The fact that legacy preference has lain unmolested for a half century while we’ve fought like jackals over the intricacies of racial affirmative action says much. Having worked at four state universities, in varied positions, low and high, I can attest that pushing back against alumni preference is tough sledding. Alumni, unsurprisingly, dominate governing boards. They’re well attached to their perks. But can you imagine a dad explaining to his excluded daughter she would have had an equal chance to go to a great school, but she’s from the wrong family?
Continuing acceptance of a legacy bonus also says much about the Supreme Court. John Roberts has longed, for decades, to bring an end to racial affirmative action. With the addition of an ever-disingenuous newcomer, he’ll soon have his way. Trouble is, the baseline from which the court prepares to mandate “colorblindness” is so replete with pocketed discrimination and privilege that the newly declared virtue is a roundly rejected lie. But Roberts, to be sure, will raise no objection to legacies. They’re his folks.

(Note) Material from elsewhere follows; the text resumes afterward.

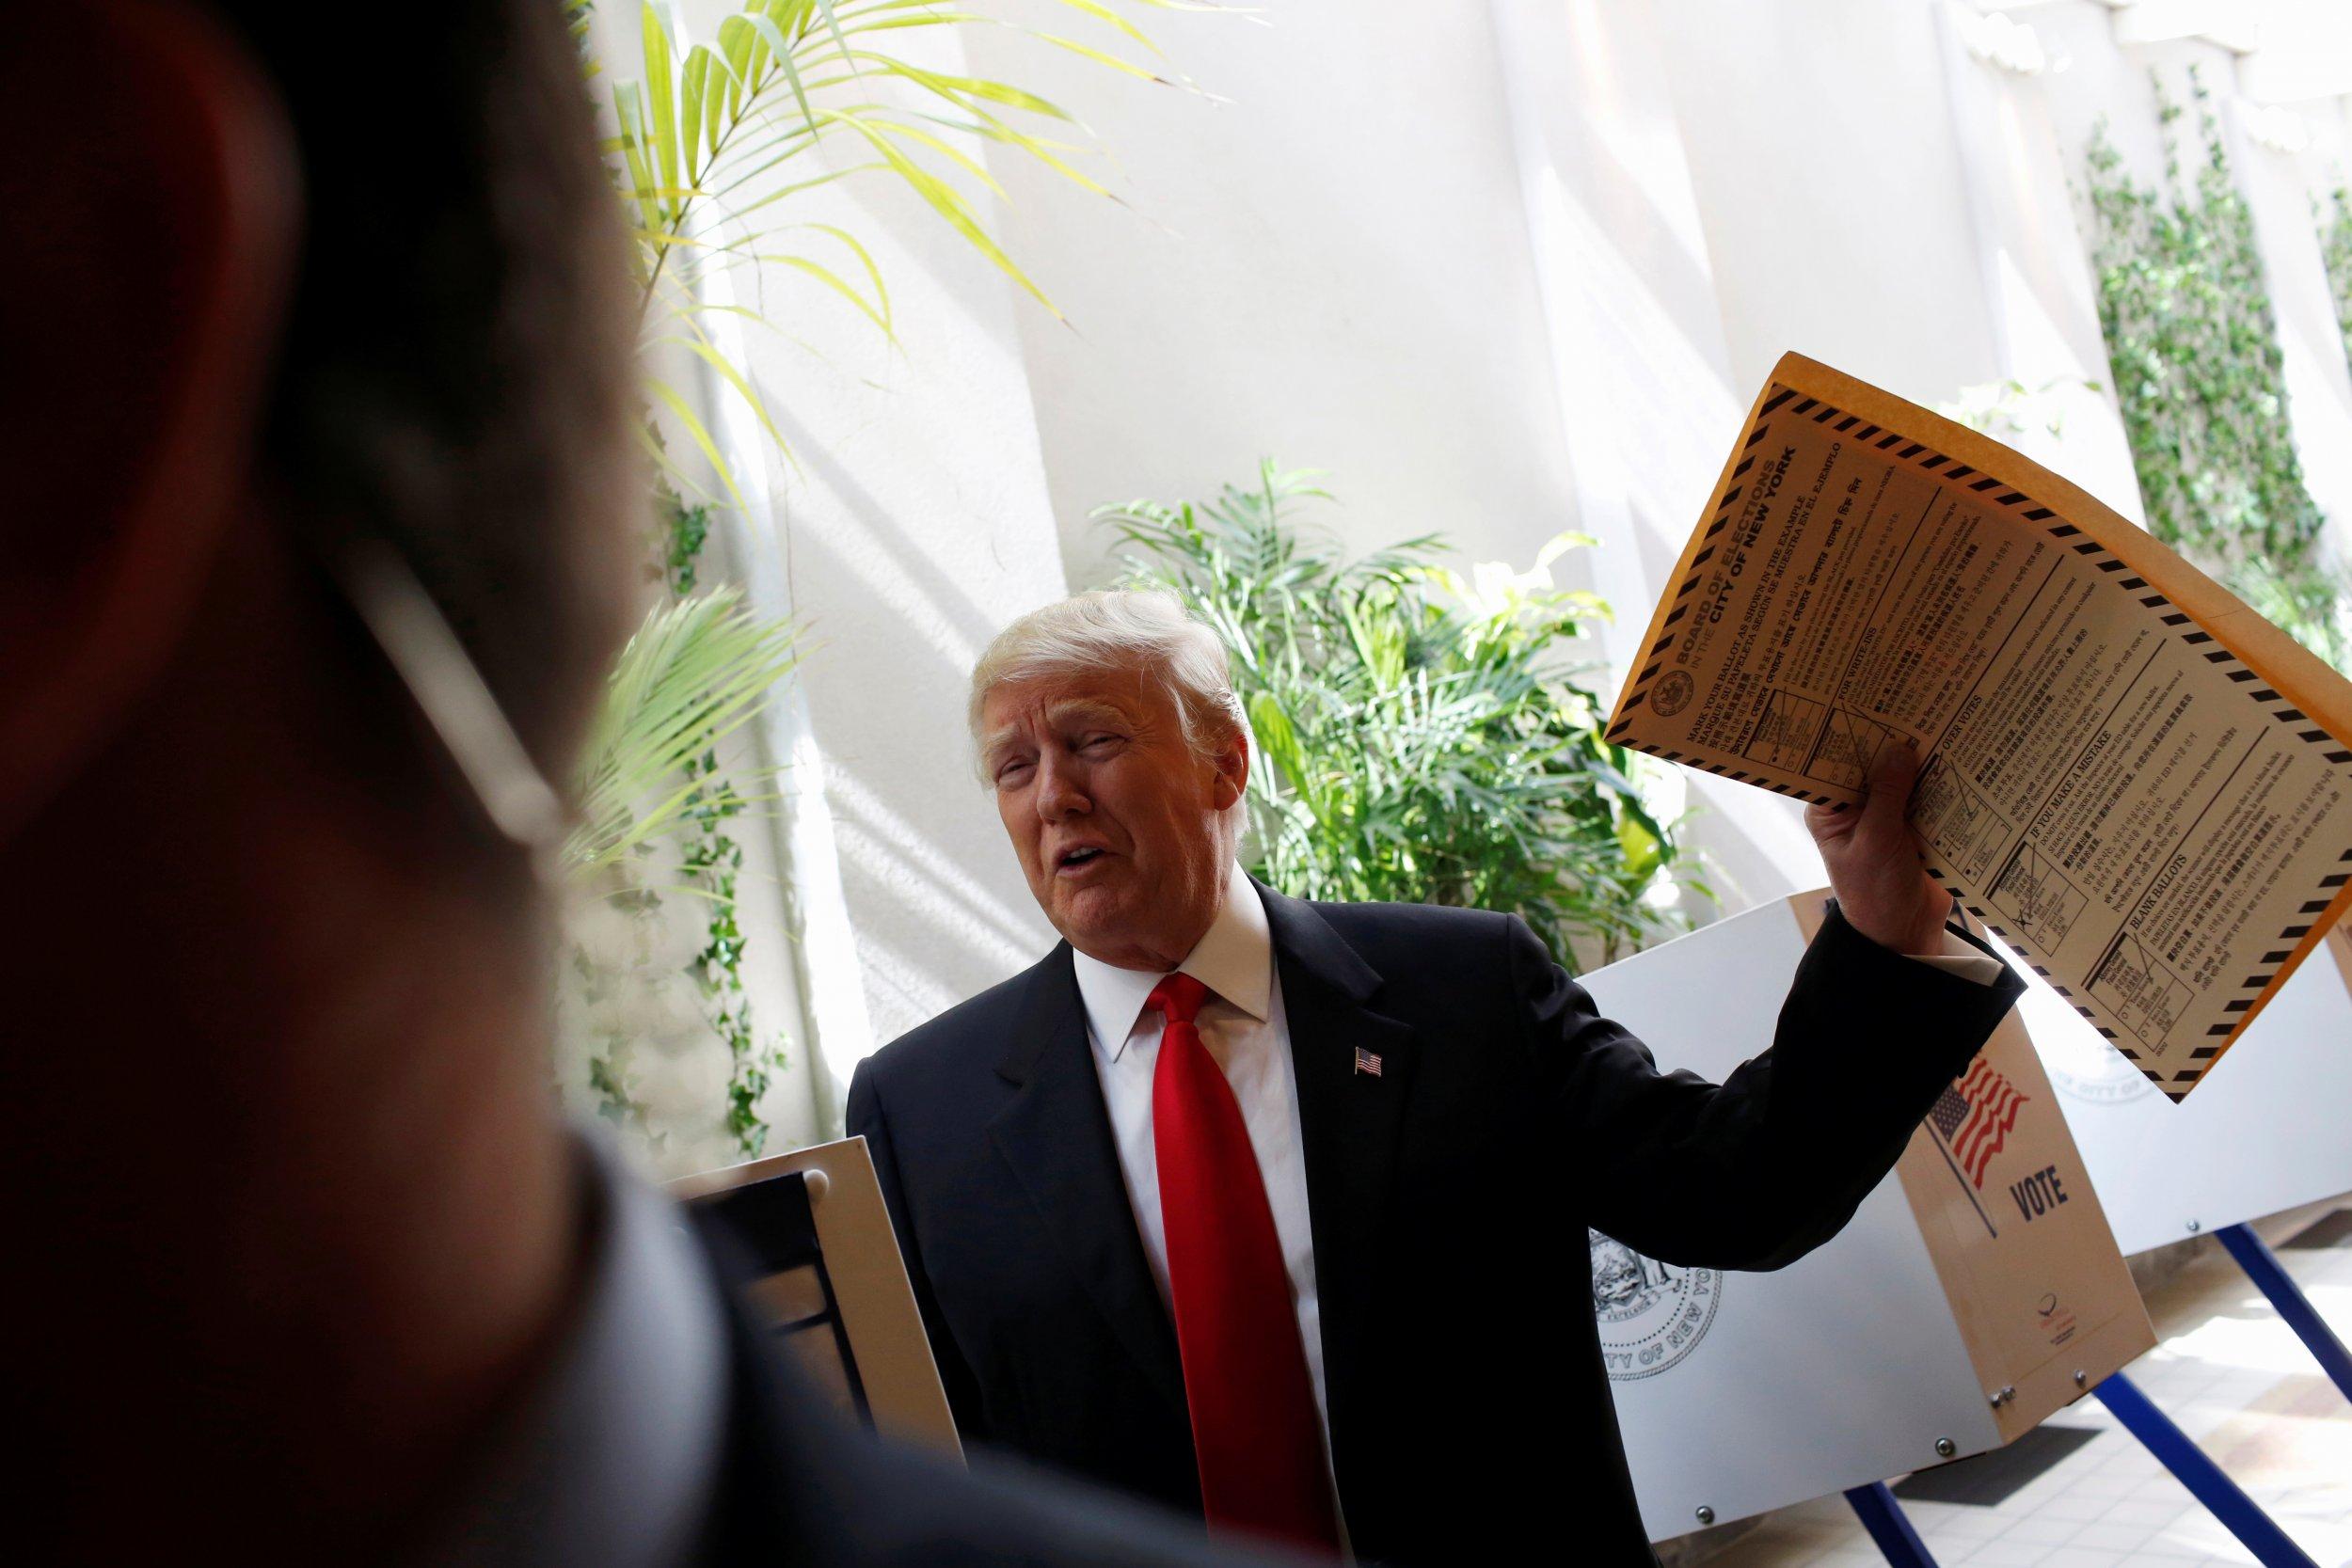 04_19_Donald_Trump_01

I think, too, the persistence of legacy preferences says a good deal about these enthusiastic advocacy groups that, for two generations, have crossed the nation suing universities to attack racial affirmative action programs. They may, in more recent iterations, indirectly disparage legacy programs – but they save their sought after injunctions to end the use of race.
Through years of litigation, these groups know everything there is to know about university admission practices, including the insidious and equity-impairing nature of legacy programs. But here their commitment to individualized, merit-based ideals seemingly wanes. Dollars, lawsuits and requested judicial decrees are typically reserved to attack minority preference processes. It is almost as if they’ve quietly concluded that favoring wealthy whites is natural and unobjectionable, while preferences favoring racial minorities threaten the republic. Much modern discrimination is subtle, systematic, tough to unpack. Not this, it’s old school.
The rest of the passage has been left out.